(WHAT IS EXPECTED)
Return all of the data exactly as written, without the pictures.

(INFORMATION SHOWN)
============================================================

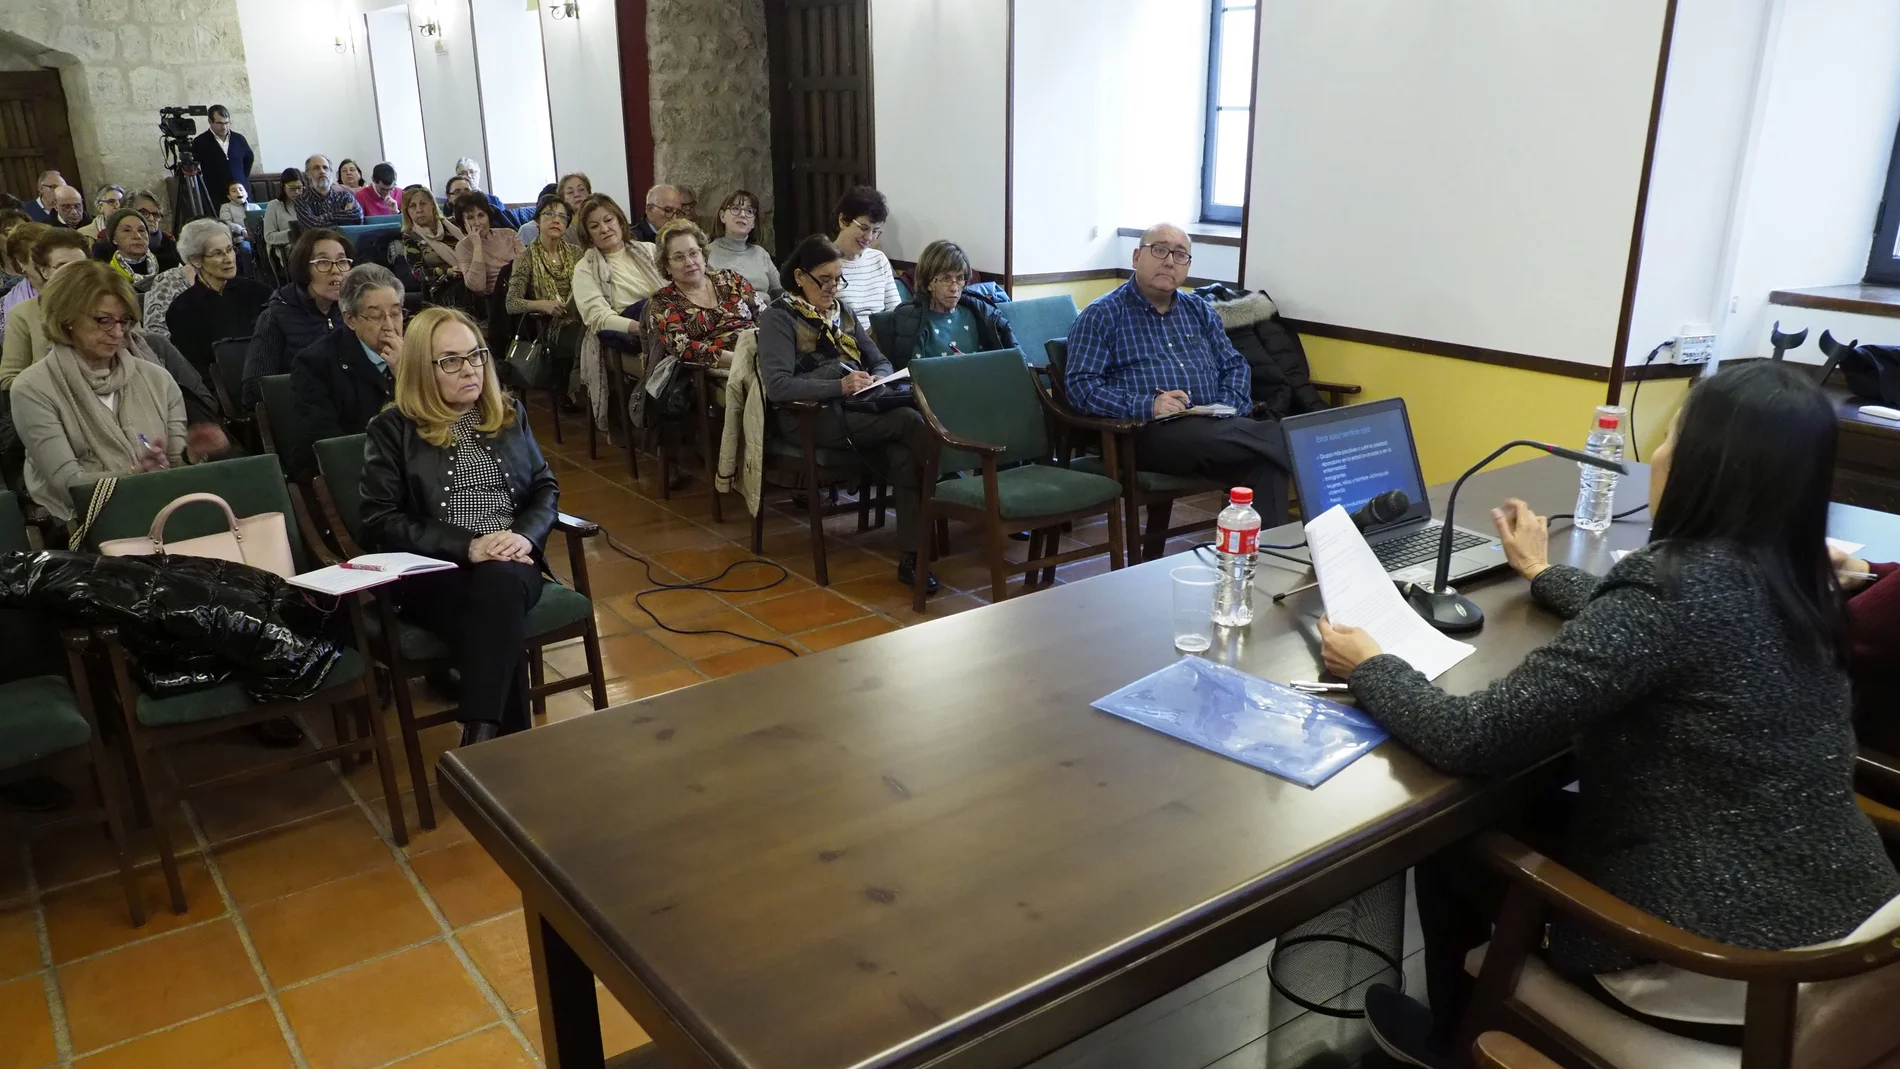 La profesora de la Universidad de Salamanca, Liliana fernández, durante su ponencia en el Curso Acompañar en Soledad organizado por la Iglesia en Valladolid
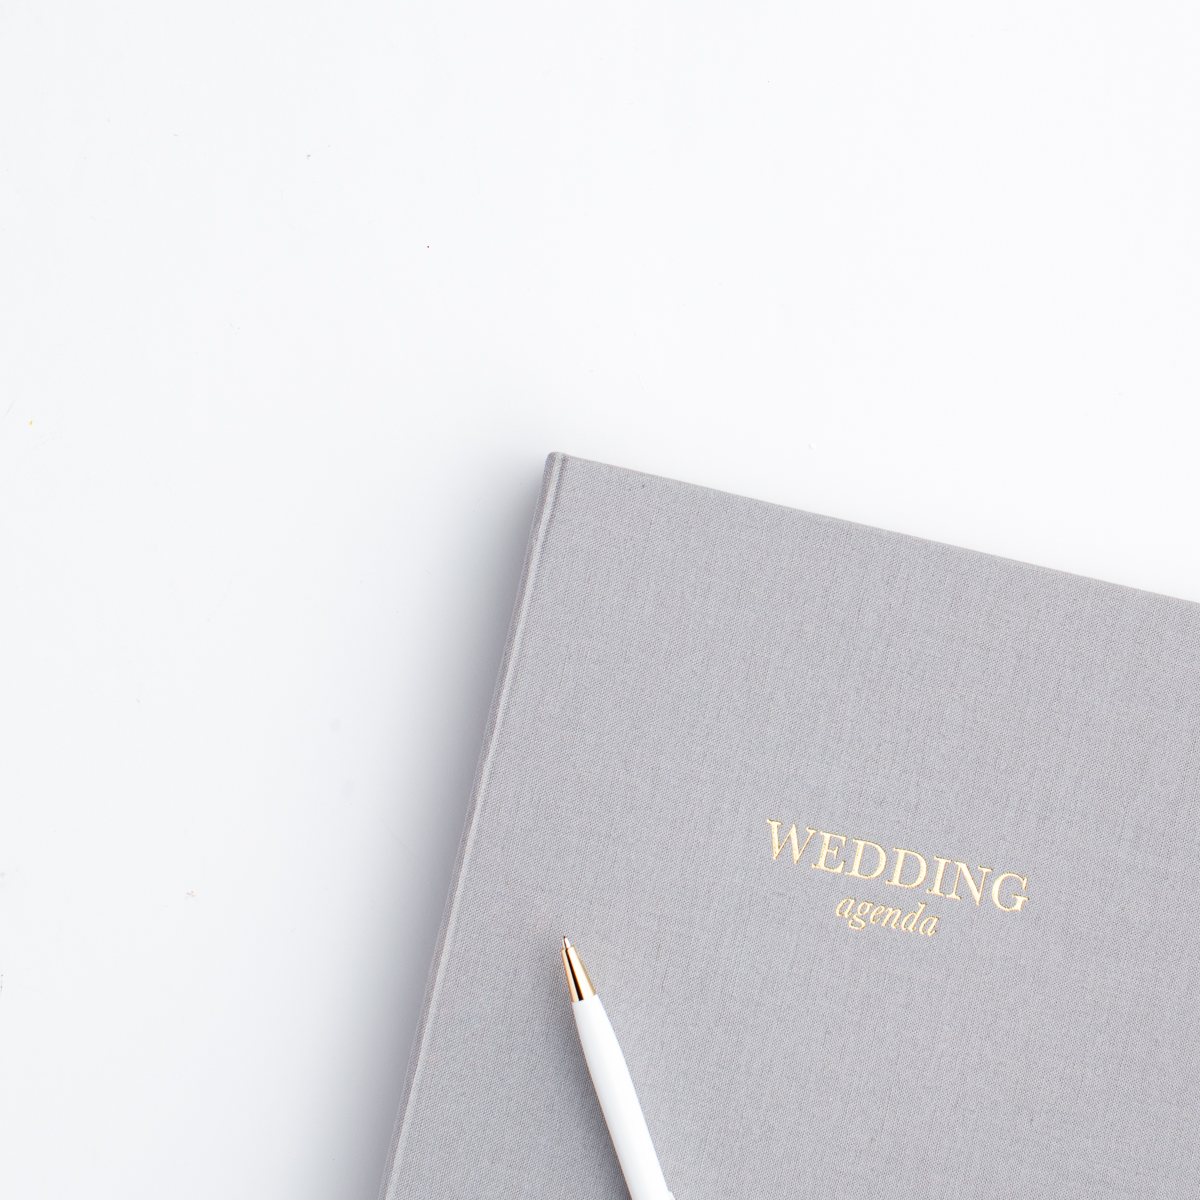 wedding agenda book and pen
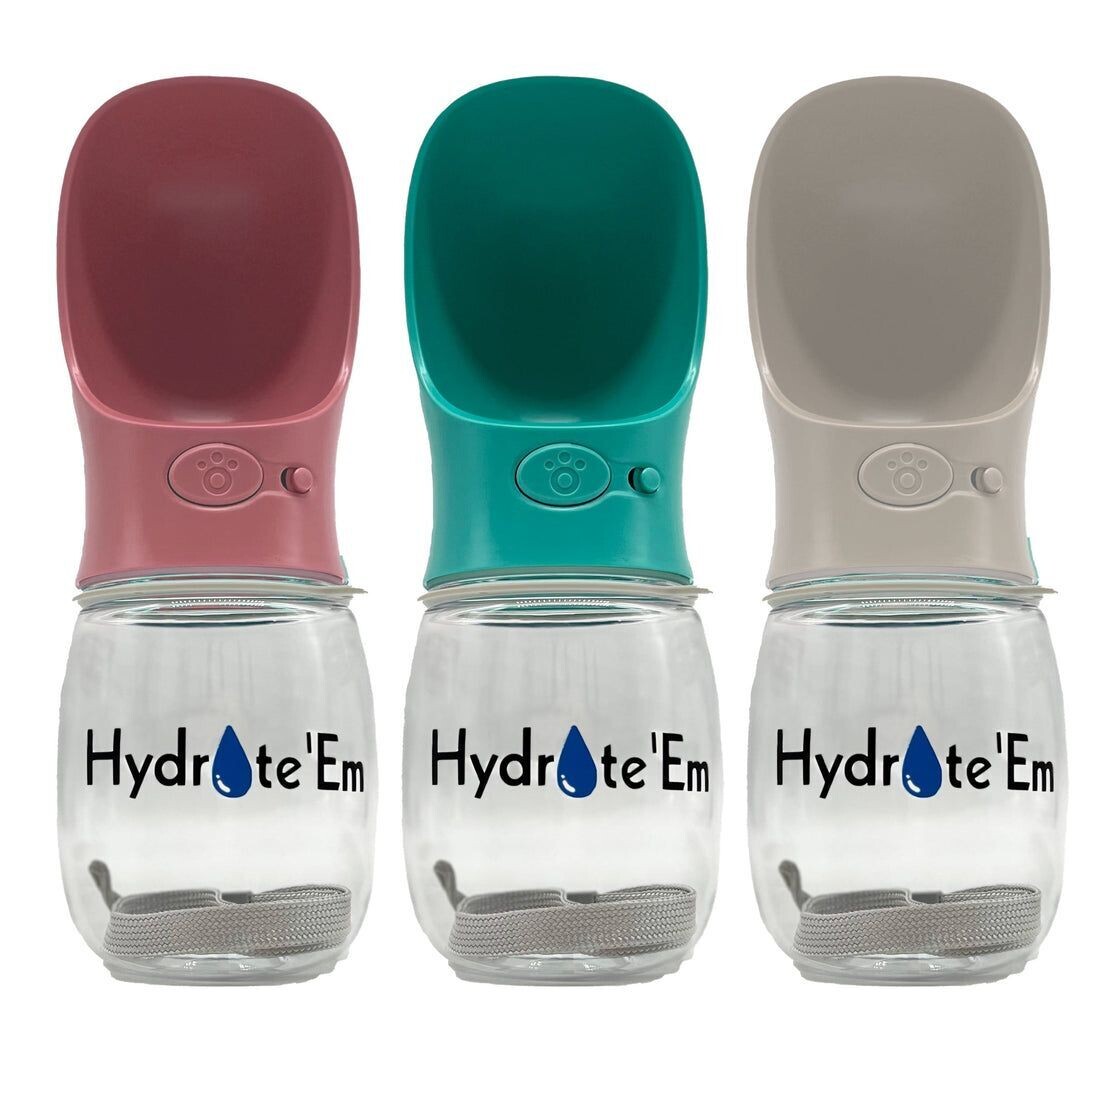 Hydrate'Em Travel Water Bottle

============================================================

(RESULT)
 La profesora de la Universidad de Salamanca, Liliana fernández, durante su ponencia en el Curso Acompañar en Soledad organizado por la Iglesia en Valladolid
 wedding agenda book and pen
 Hydrate'Em Travel Water Bottle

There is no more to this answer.